When your job becomes a threat

Most people don’t realize they’re experiencing workplace trauma until they’re already in the ashes.  We’re taught to push through and be grateful that we have a job. A remnant from the Depression Era perhaps.  We’re expected to be “professional” and even normalize dysfunction because everyone else seems to be surviving it.

For me, workplace trauma slipped in quietly — day by day — until one day I woke up and realized I was in an unhealthy relationship with my job, and I didn’t recognize myself anymore.  This is how I spotted the trauma, barely before it broke me.

My nervous system was doing the job my boss should have been doing.  I knew something was wrong when my body started managing my environment for me:

I would become tense before opening my email or my heart rate would spike when a certain name popped up.  I would find myself rehashing conversations from the day in my head and found that I absolutely could not relax on Sundays because Monday was looming. Looking back, I recognize that I found myself quietly scanning for tone, subtext and danger.  This wasn’t simple “stress”.  This was my nervous system trying to keep me safe in a place that wasn’t.
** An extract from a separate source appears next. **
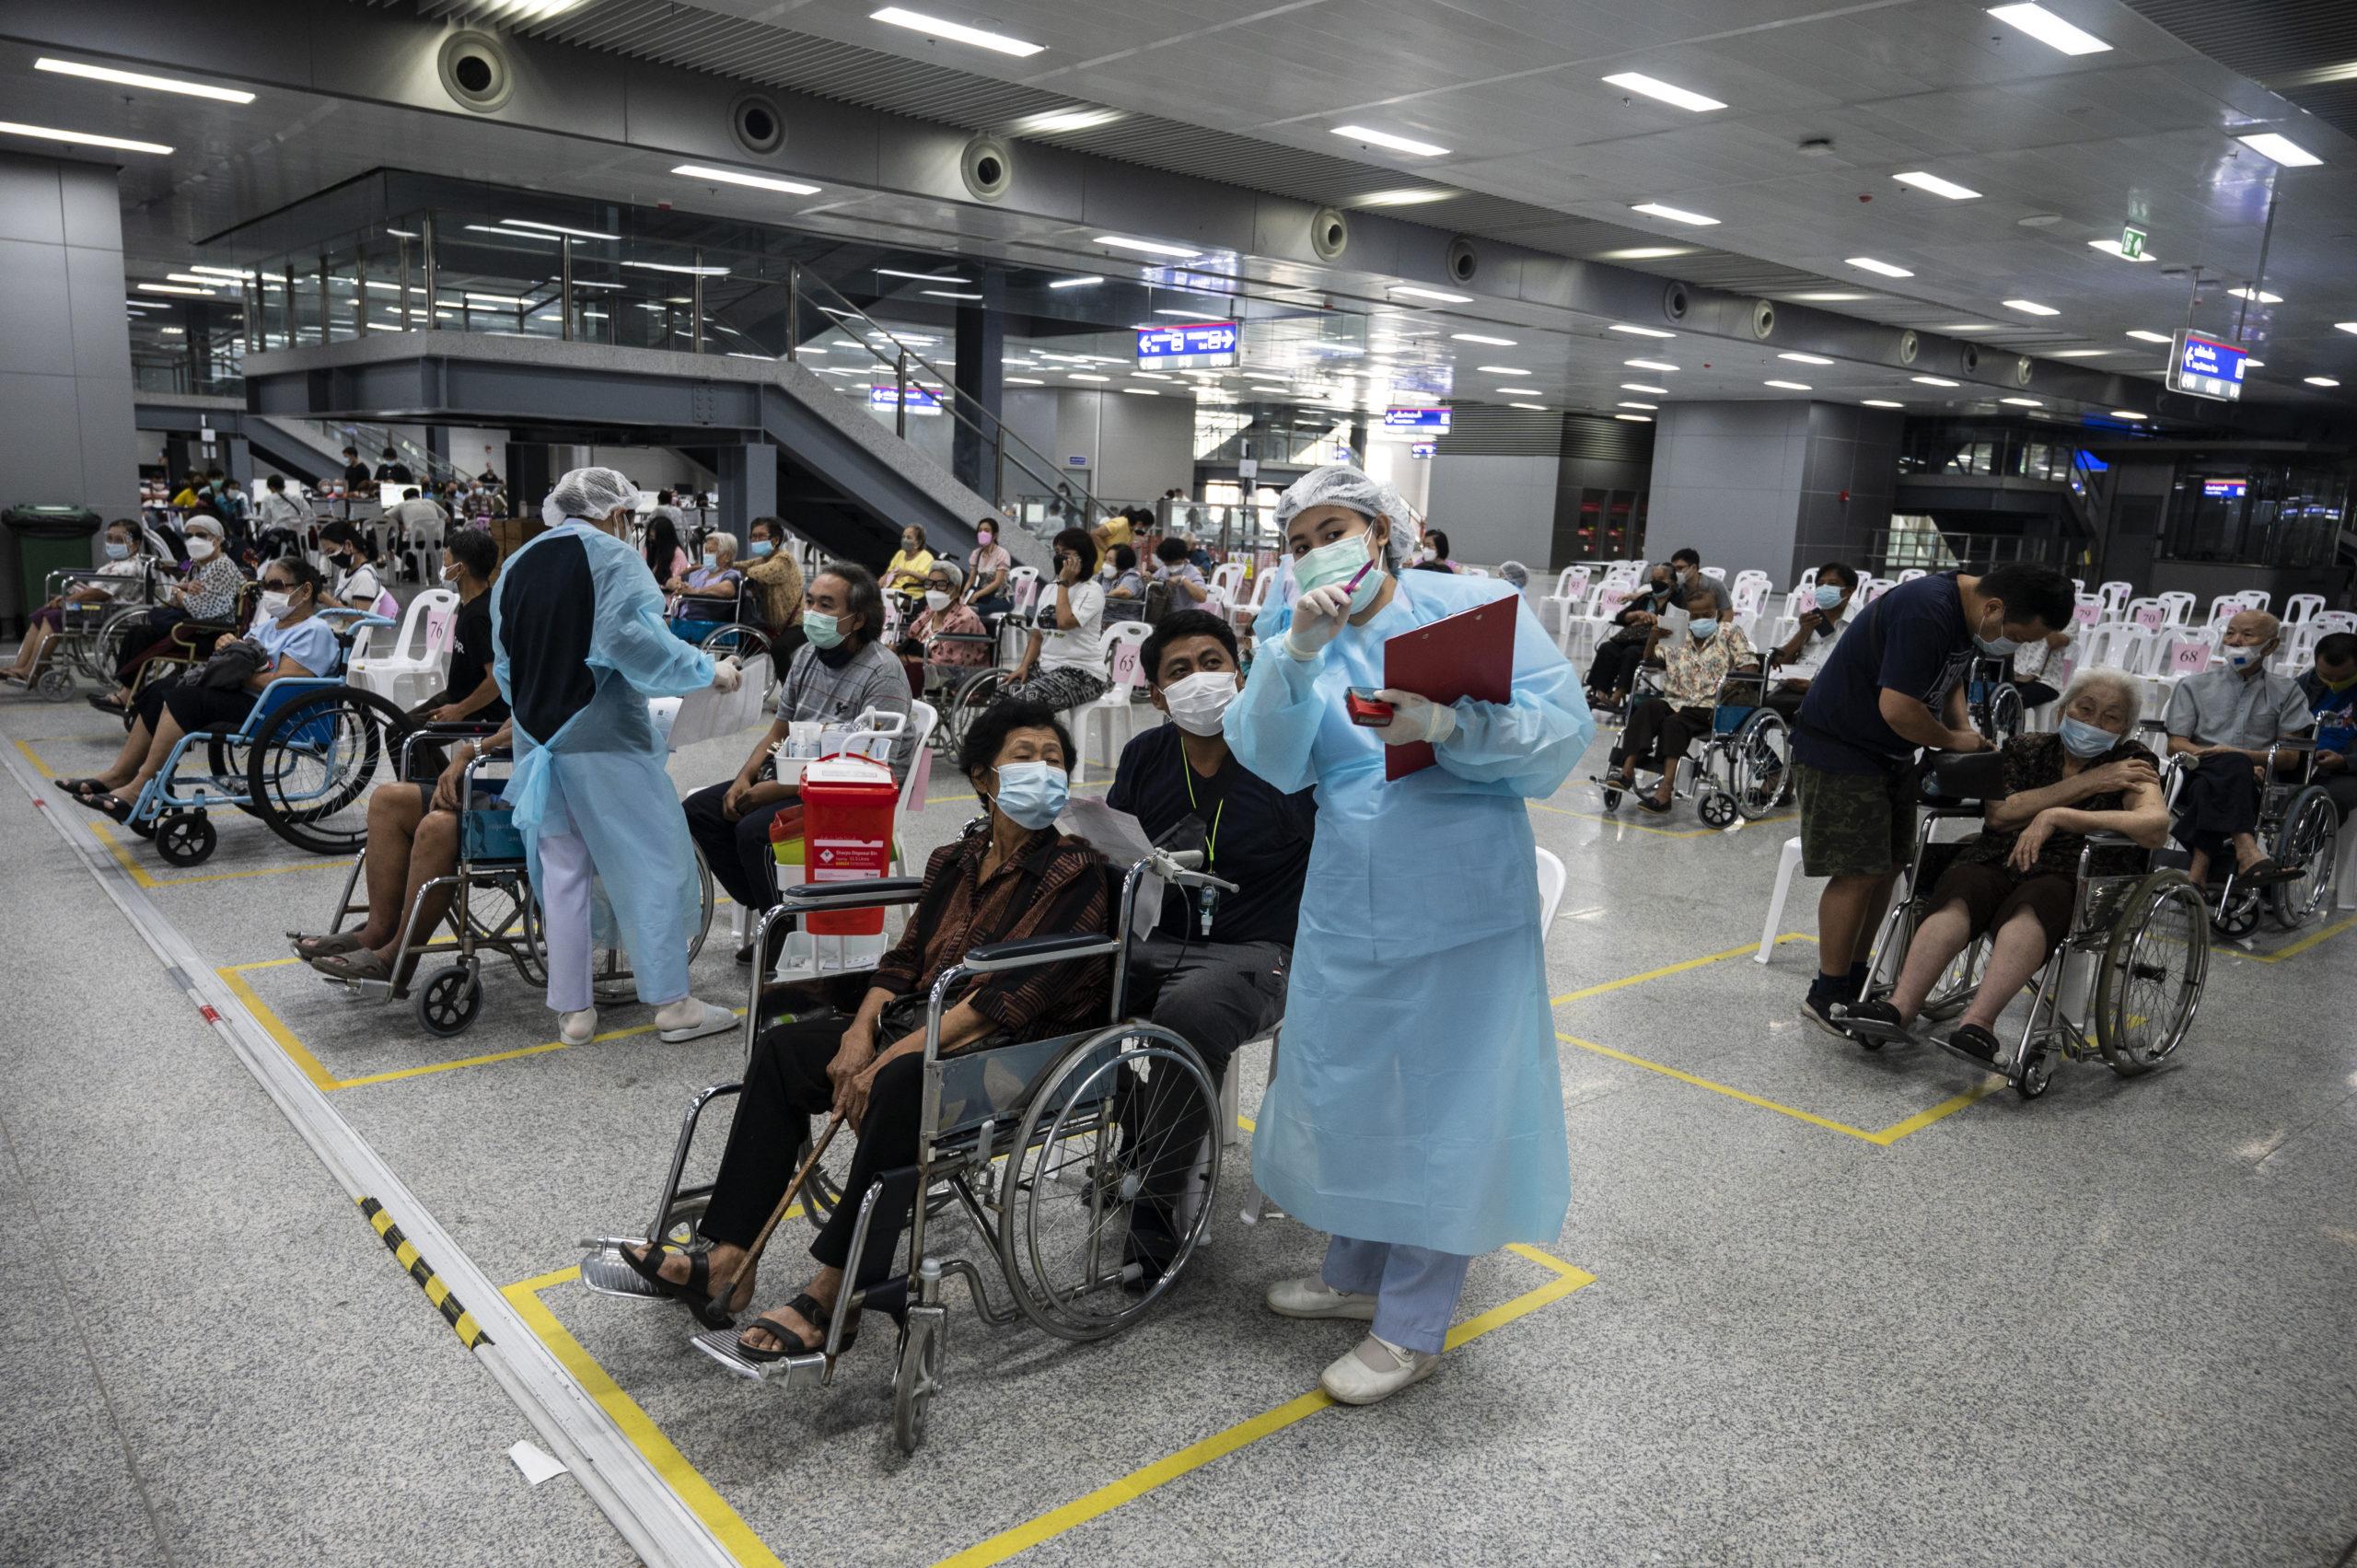 People wait in line to receive the AstraZeneca coronavirus vaccine in Bangkok, Thailand on July 13. (Sirachai Arunrugstichai/Getty Images)

 At this juncture of my life, I would recognize that I was abandoning myself to survive the culture.  For me, workplace trauma showed up as saying yes when I meant no or shrinking my voice. Not speaking up in conference calls or meetings. Staying silent to avoid being a target.  The thing that really stings now? I was tolerating behavior I’d never accept in any other part of my life.

When I began editing myself to stay employed, the job was no longer just a job — it was a threat.

I found that one of the most insidious signs was that I was being told that I was “a team player” or “so reliable” or even “the one we can always count on”. PTO? What was that?

But what they really meant was that I didn’t push back, I absorbed dysfunction and I was willing to sacrifice myself for the system. Obviously, being rewarded for self-abandonment is a hallmark of a harmful workplace.

I’m embarrassed to admit this now, but I couldn’t even tell the difference between my value and my output. Workplace trauma can blur the line between “I didn’t finish the task” and “I am failing as a human”. In my own experience, I started believing untruths. My worth was tied to my productivity, resting was being lazy and mistakes were moral failures. I worked for years in an environment where burnout was a badge of honor.

I learned the hard way, at the cost of my health, that this wasn’t ambition, it was conditioning.

Just like in an unhealthy relationship, I felt the hypervigilance humming through my body.  When nothing was happening (aka there wasn’t a metaphorical fire to put out) I was on edge and hyper-alert.  I always felt like I was waiting for something to go wrong – to the extent that sometimes I was just unable to exhale.

This was my body telling me the environment was unsafe — even though my mind was still trying to rationalize it.

Subtle but devastating, I stopped dreaming. I stopped imaging a future. A different job. A different life. I stopped dreaming of a version of myself who felt alive.

Workplace trauma didn’t just drain my energy – it drained my imagination and with it my creativity.  I couldn’t picture anything beyond survival, I felt trapped.

I was failing to recognize myself.  This is the moment most people finally wake up, but not me. For years, I continued to look at myself in the mirror and think that “I used to be confident”, “I used to be creative”, “I used to feel like me”.  Workplace trauma didn’t just harm my career; it caused harm to my identity.

If any of this feels familiar, you’re not being dramatic – you’re in danger.

Workplace trauma is real. It’s pervasive and it’s often invisible until you name it. Recognizing trauma early is not weakness, it’s wisdom.  The moment you stop abandoning yourself and start listening to your body you start to reclaim your voice, your boundaries and your future.

Everyone deserves a workplace that doesn’t require sacrifice to our health, our dignity, or our humanity.

And if you’re reading this thinking, “This is me,” I want you to know:

You’re not broken.
You’re not imagining it.
You’re not alone.
And you’re allowed to choose yourself.